In practice, today’s “agents” are usually tightly supervised AI assistants operating within carefully controlled corporate software systems, not autonomous digital employees.
And in a finding likely to surprise few economists, GS sees the real bottleneck today as increasingly organizational rather than technical. In theory, leading AI models are now generally capable enough to perform many workflow tasks. The harder problem is more about whether companies can trust AI to operate safely, cheaply, and reliably without causing costly mistakes. That helps explain why businesses are rolling out AI gradually and still keeping humans “in the loop.”
But Goldman sees a real economic turning point emerging over the next several years. AI companies are getting much better at delivering computing power cheaply, with the firm citing “continued token cost declines (powered by leading semi companies driving 60%-70% lower annualized cost per token).”

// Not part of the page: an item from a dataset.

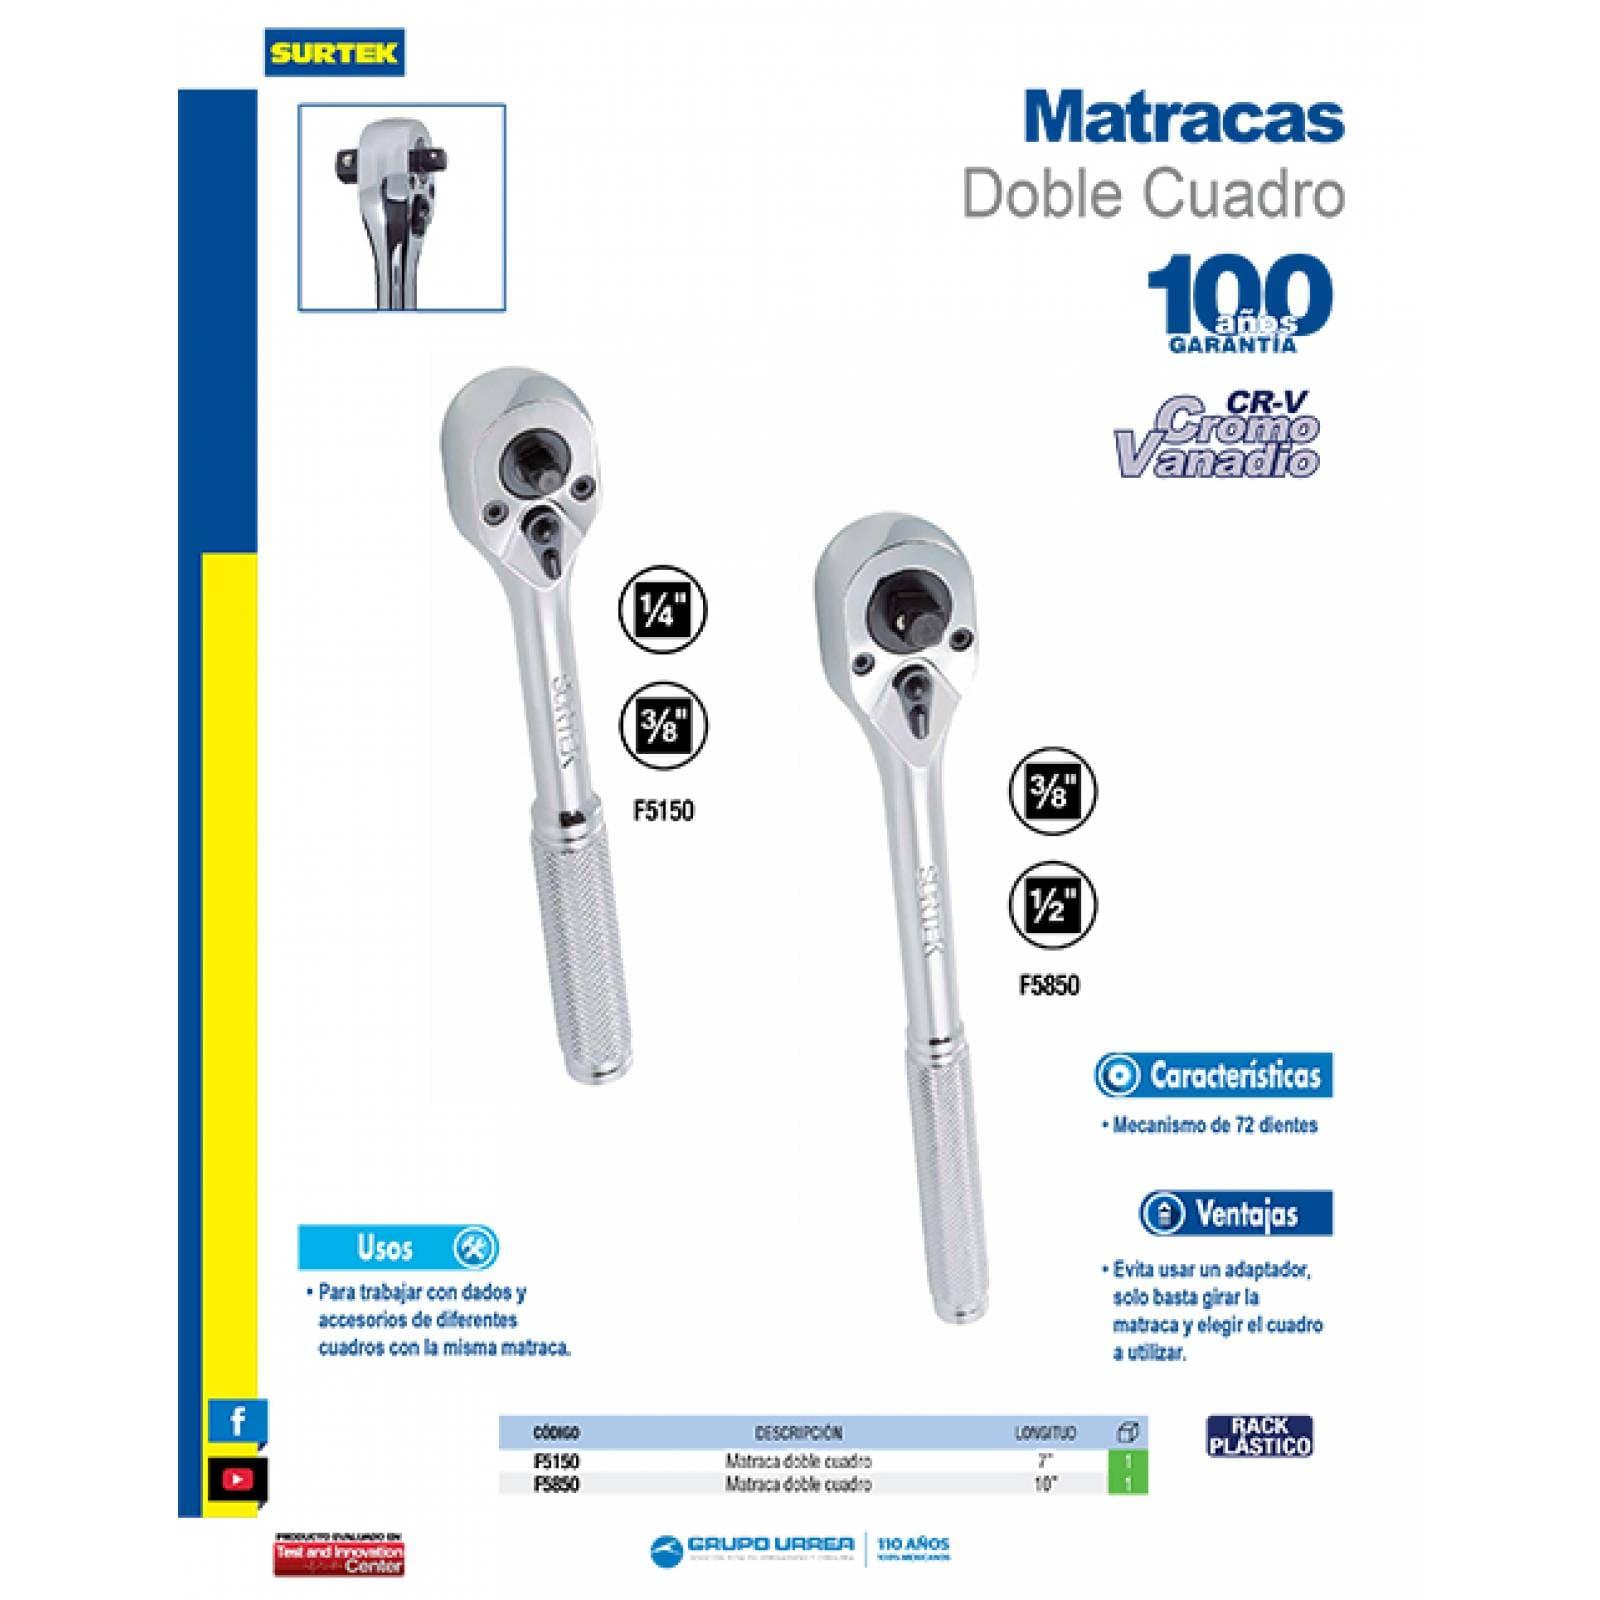 "Matraca Doble Cuadro 1/4""-3/8"" Longitud 7"" F5150 Surtek"

As AI becomes cheaper to run, more business tasks start making financial sense to automate. Goldman projects that enterprise AI-agent usage could grow roughly 24-fold by 2030 and more than 50-fold by 2040 as adoption spreads along a classic S-curve. Early experimentation eventually gives way to broader deployment as the economics improve and companies grow more comfortable with the technology.
Goldman estimates peak AI agent adoption could arrive in roughly 15 years—far faster than the historical norm of three decades for major technologies—because AI software is improving rapidly and businesses fear falling behind more tech-savvy competitors. Still, the rollout is likely to remain uneven and gradual.4 Adoption is likely to happen task by task and workflow by workflow, rather than through one sudden leap to fully autonomous AI workers.5
Productivity predictions
As The Economist puts it in a new piece, “America is experiencing a productivity miracle.” But AI isn’t yet likely the cause, the magazine concludes. Better suspects include the belated adoption of 2010s-era technologies (cloud, smartphones, videoconferencing) by professional services firms and the US economy’s characteristic dynamism in reallocating workers toward more productive firms—a trait on vivid display during the pandemic recovery.
(Lots of startups, too, a factor that now may be getting help from AI.)
Yet there’s every reason to believe AI’s moment is on its way. Faster, please!
1 METR: “Of the 228 tasks in our suite, only 5 are estimated as 16+ hours long, making measurements at this range unstable and less meaningful than at ranges with better task coverage. Thus, we are not highlighting exact estimates for models above 16 hours measured with our current suite.”
2 The “80%” figure refers to the 80 percent success horizon. While Claude Mythos Preview can “reach” 16-hour tasks with a 50 percent success rate, its reliability only remains high (80 percent or better) for tasks requiring roughly 3 to 4 hours of human effort.
3 The paper also gives a great discussion on AGI definitions, which I have drawn upon.
4 GS: Coding agents, for instance, are relatively cheap to operate because software development is high-value and mostly text-based, while AI systems handling live customer-service phone calls remain more expensive and technically difficult.
5 The pattern resembles earlier general-purpose technologies more than a sudden industrial rupture. Electrification, enterprise software and the internet all required long organizational adaptation before their largest productivity gains appeared—effects that emerged not when the technology first worked, but when firms redesigned workflows around it. Goldman explicitly frames agent adoption through the same historical diffusion lens.